MagGraph

Why "MagGraph"? The name is short for Magpie — a Corvid. Corvids (ravens, crows, jays, and magpies) are renowned in animal cognition research for their remarkable intelligence, long-term memory, and sophisticated tool use. MagGraph is built to be the memory and knowledge layer for AI agents with those same qualities: a graph that thinks, remembers, and uses tools.

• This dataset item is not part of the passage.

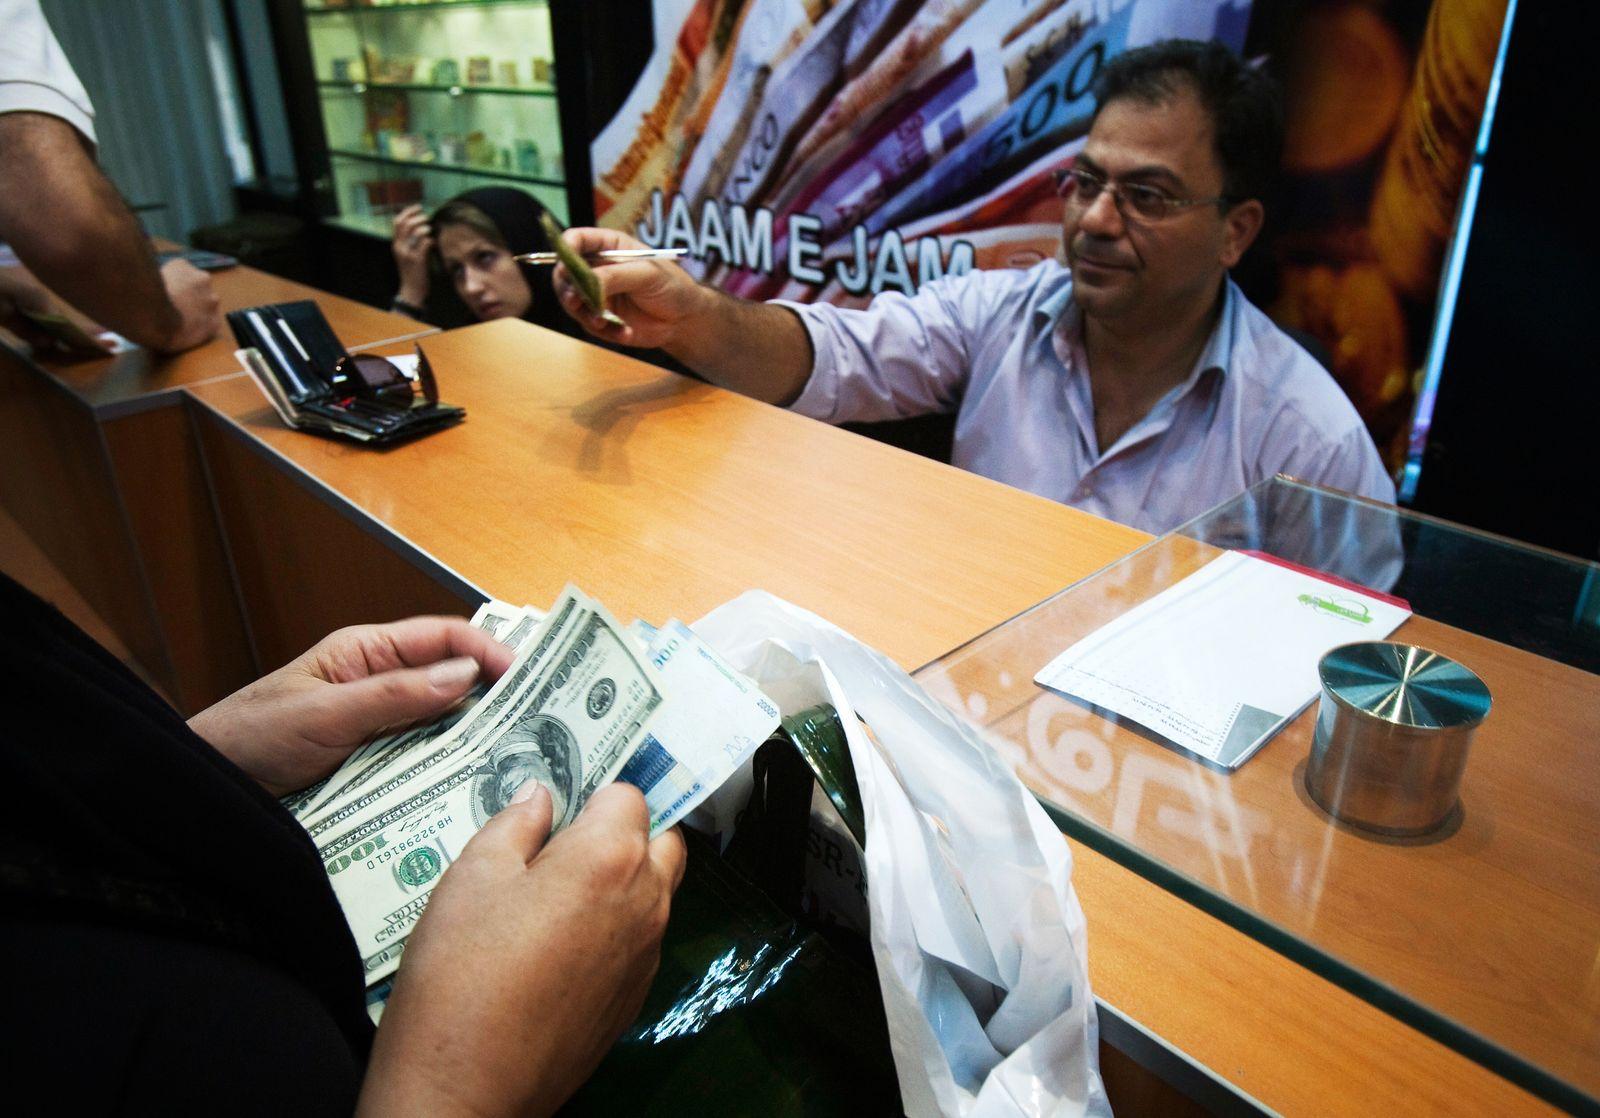 Iran / Teheran / Dollar / Wechsel-Stube / Bank

MagGraph is a Rust-powered, in-process graph database designed for AI semantic layers. Knowledge is stored as versioned Markdown nodes in your Git repository; edges emerge automatically from [[wikilinks]]; Git provides sync and versioning; a Python API and auto-generated MCP server make it immediately consumable by any agent framework.

Why MagGraph?

Most agent memory systems bolt a vector database onto an LLM and call it done. MagGraph takes a different approach:

Property	MagGraph	Typical vector DB approach
Storage format	Plain Markdown — readable by humans, editors, and LLMs	Opaque binary blobs
Versioning	Git — free, distributed, auditable history	Custom or none
Edges	Implicit from `[[wikilinks]]` + explicit frontmatter links	Manual or none
Traversal	BFS / DFS with depth control	Similarity search only
External data	Lakehouse mode: pointer nodes to S3/Parquet/files	—
Agent interface	MCP server scaffold + Python bindings + CLI	Python SDK only
Deployment	Zero infrastructure — runs in-process	Requires server

Install

Python (recommended)

pip install maggraph

Pre-built wheels for Linux (manylinux_2_28, x86_64 + aarch64), macOS (Intel + Apple Silicon), and Windows (x86_64). No Rust toolchain needed.

CLI (from source)

git clone https://github.com/AlexMercedCoder/MagGraph.git
cd MagGraph
cargo install --path maggraph-cli --features maggraph/ui

Pre-built CLI binaries are attached to GitHub Releases.

Quickstart — Python

import maggraph

# 1. Load config + open the graph
config = maggraph.load_config("maggraph.toml")
index  = config.open_index()

# 2. Explore what's in the graph
print(index.list_nodes())
# → ['getting_started', 'research_overview', 'welcome']

# 3. Read a node
node = index.read_node("welcome")
print(node.body)       # full Markdown body
print(node.links)      # ['getting_started']   ← frontmatter links
print(node.node_type)  # 'note'

# 4. Traverse the graph (BFS, depth 2)
result = index.traverse("welcome", depth=2, order="bfs")
for n in result.nodes:
    print(f"  depth {n.depth}: {n.id}  path={n.path}")
# Agent-friendly Markdown report:
print(result.to_markdown(index))

# 5. Create / update / delete
index.create_node("my_finding", node_type="insight",
                  body="# Key Finding\nThe model performs best on…\n",
                  links=["welcome", "research_overview"])
index.update_node("my_finding", "# Updated Finding\nNew evidence shows…\n")
index.delete_node("my_finding")

That's all you need to start. Everything below covers the deeper features.

Core concepts

Node format

Every node is a Markdown file with YAML frontmatter:

---
id: "customer_churn_q2"
type: "analysis"
links: ["revenue_model", "product_roadmap"]
source: "s3://corp-data/lake/churn_q2.parquet"
importance: "high"
---
# Customer Churn — Q2 2026

Key insight: churn is concentrated in the 30-day cohort.
See also [[revenue_model]] and [[product_roadmap]].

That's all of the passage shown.